■ ENTRIES SHOWN ■
Start of Block

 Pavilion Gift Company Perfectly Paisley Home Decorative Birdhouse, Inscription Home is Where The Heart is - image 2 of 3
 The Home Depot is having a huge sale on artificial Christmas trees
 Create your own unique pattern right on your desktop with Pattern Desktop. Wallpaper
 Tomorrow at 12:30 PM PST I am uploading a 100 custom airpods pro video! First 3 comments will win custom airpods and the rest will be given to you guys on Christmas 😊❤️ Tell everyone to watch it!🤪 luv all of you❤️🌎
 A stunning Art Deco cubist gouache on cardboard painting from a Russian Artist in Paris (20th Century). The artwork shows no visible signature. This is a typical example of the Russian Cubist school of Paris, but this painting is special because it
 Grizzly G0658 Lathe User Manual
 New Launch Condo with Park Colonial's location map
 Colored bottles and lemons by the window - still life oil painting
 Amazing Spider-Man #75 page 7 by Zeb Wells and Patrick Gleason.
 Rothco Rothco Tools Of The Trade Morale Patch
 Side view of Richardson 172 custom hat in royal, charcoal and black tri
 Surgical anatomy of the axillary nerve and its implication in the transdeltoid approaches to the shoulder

End of Block

■ EXERCISE PROMPT ■
All that the answer may hold is the lines from the one with "New Launch Condo" through the end of the data, set down exactly as they appear.

■ SOLUTION ■
 New Launch Condo with Park Colonial's location map
 Colored bottles and lemons by the window - still life oil painting
 Amazing Spider-Man #75 page 7 by Zeb Wells and Patrick Gleason.
 Rothco Rothco Tools Of The Trade Morale Patch
 Side view of Richardson 172 custom hat in royal, charcoal and black tri
 Surgical anatomy of the axillary nerve and its implication in the transdeltoid approaches to the shoulder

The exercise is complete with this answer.